Here We Go or Not

Hope all here are doing well as possible these days. Sheilding sucked and for those of you still shielding, I hope you're doing okay, if I could help i would definitely. My husband is the cancer patient but my fear of the supermarket became palpable. He's a GP but GPs in our area don't have badges so the supermarkets wouldn't let me us NHS hours to get him fruit and veg...then there were no delivery spots and on and on...he did okay but he was trying to work from home too.  He moved into the guest room and we had to stay six feet apart and then my dad passed away and nobody to hug me, just a husband living in the other half of the house.  Then life got something like normal...I shall explain?
To recap my story: :shocked: About a year ago I wrote about my husband who had just had surgery for T3b N0 M0 RCC (renal cell carcinoma) with a Liebovich score of 8 (out of 11) and was entering the RAMPART immunotherapy trial. The trial was to last from August 2019 to August 2020 but his last treatment was in March before they shut down treatments, especially trials including RAMPART. 
As mentioned, my husband is a GP :devil: so his knowlege is somewhat more advanced than mine and even he is confused. His tumour had a blood clot and necrosis (for some extra fun) and it had gotten hold of the adrenal gland but had not pierced the sack/sheath/ what's a callit that wraps around your kidney and adrenal gland though it was on its way to the IVC (one big boy vein) so if he'd been a typical GP and put offand ignored his worsening fatigue and minimal amount of weight loss (6lbs) for yet another month and in the words of his doctors, he would likely have been gone by the end of the year, so they say. 

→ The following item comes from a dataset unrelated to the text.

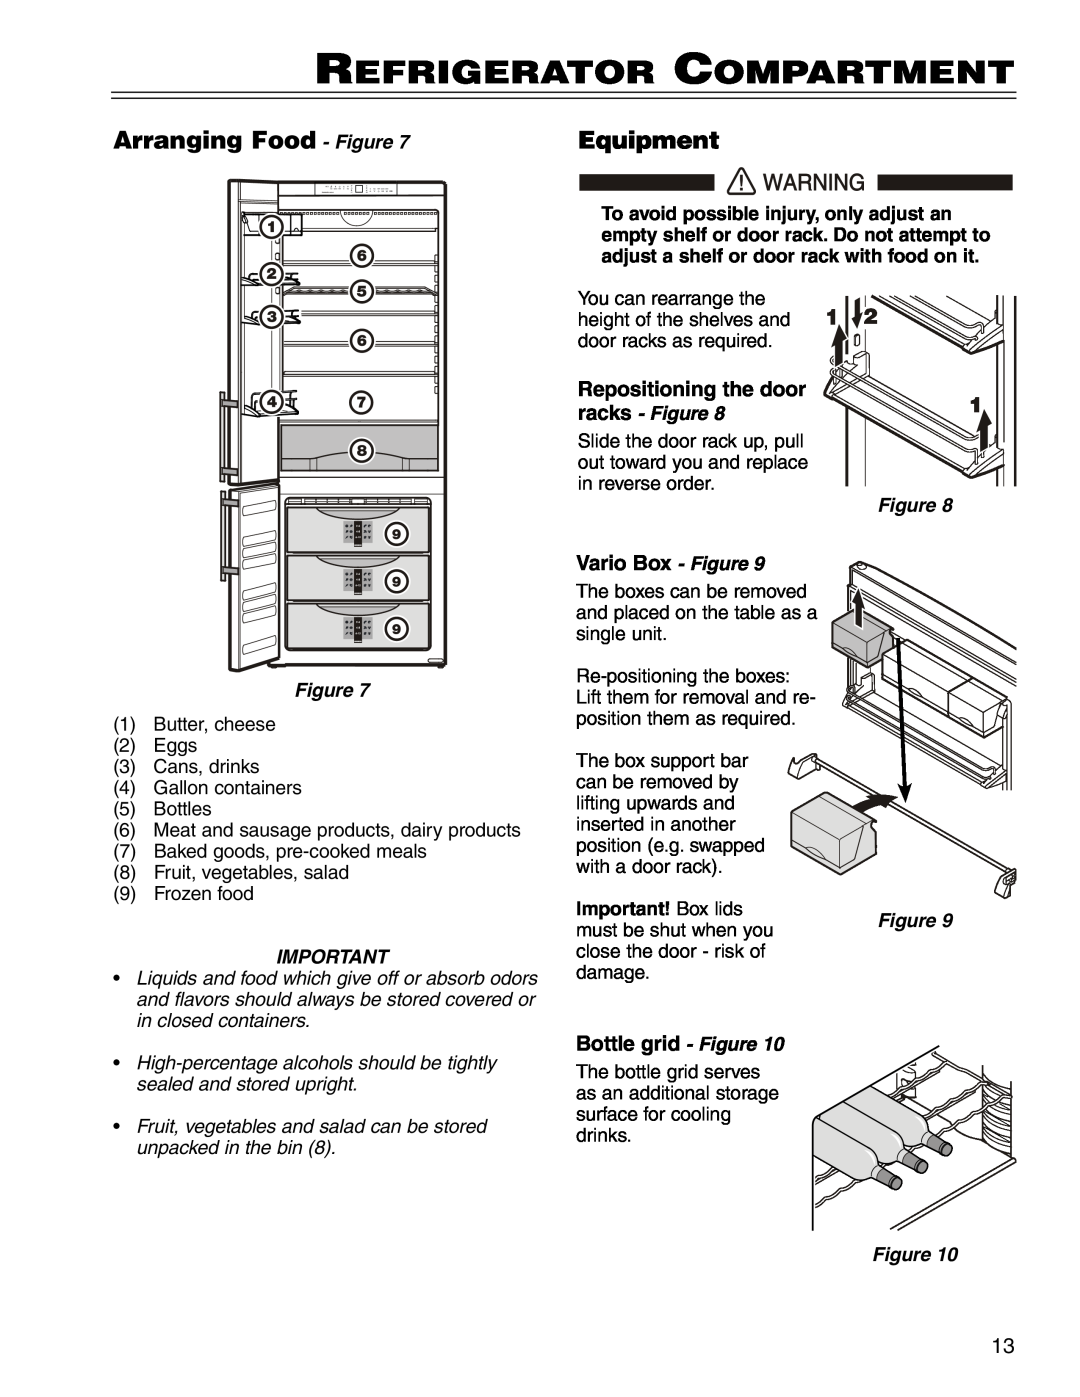 Liebherr CS 1611 7801 149-00 manual Refrigerator Compartment, Arranging Food - Figure, Equipment, Vario Box - Figure 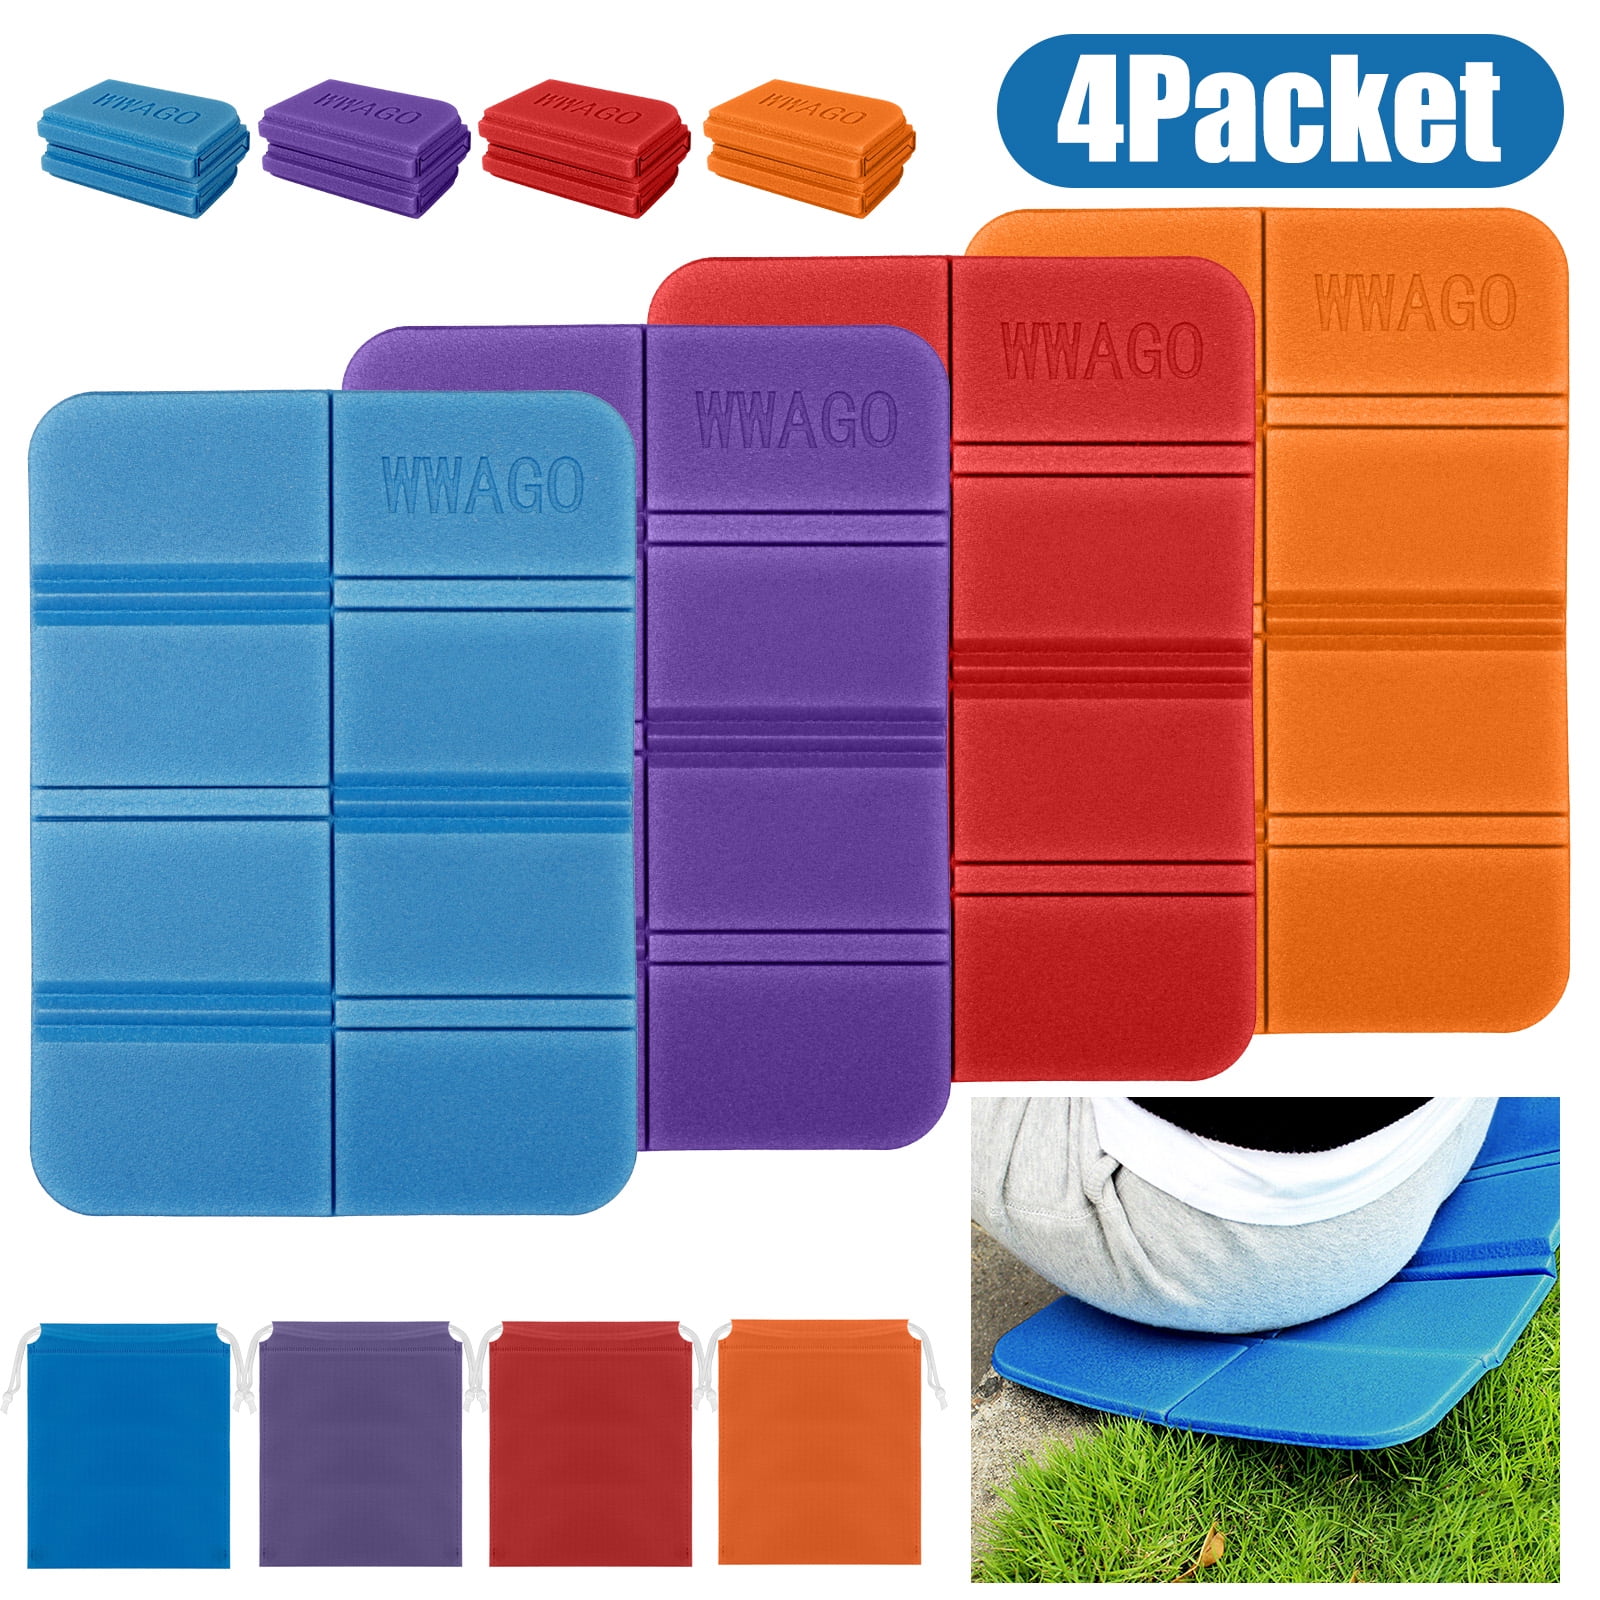 VerPetridure Sit Pad,Camping Portable Foam Seat Pad, Foldable Z

He ended his shielding on 25 June and has been back at work, full steam ahead, back to leaving here at 6:45am and getting home at 8:30pm, not eating lunch, drinking enough water or taking his time - as many may know, the NHS is very short on GPs these days and the doctors feel bad about that too, trust me.  Before that during shielding, he worked from home and the laptop was shut promptly at 6pm. We have dinner togehter from opposite sides of the room for his safety, watch an hour of TV and go to our separate bedrooms. It was kind of nice to have him home despite circumstances. But now it's back to "normal" , COVID aside.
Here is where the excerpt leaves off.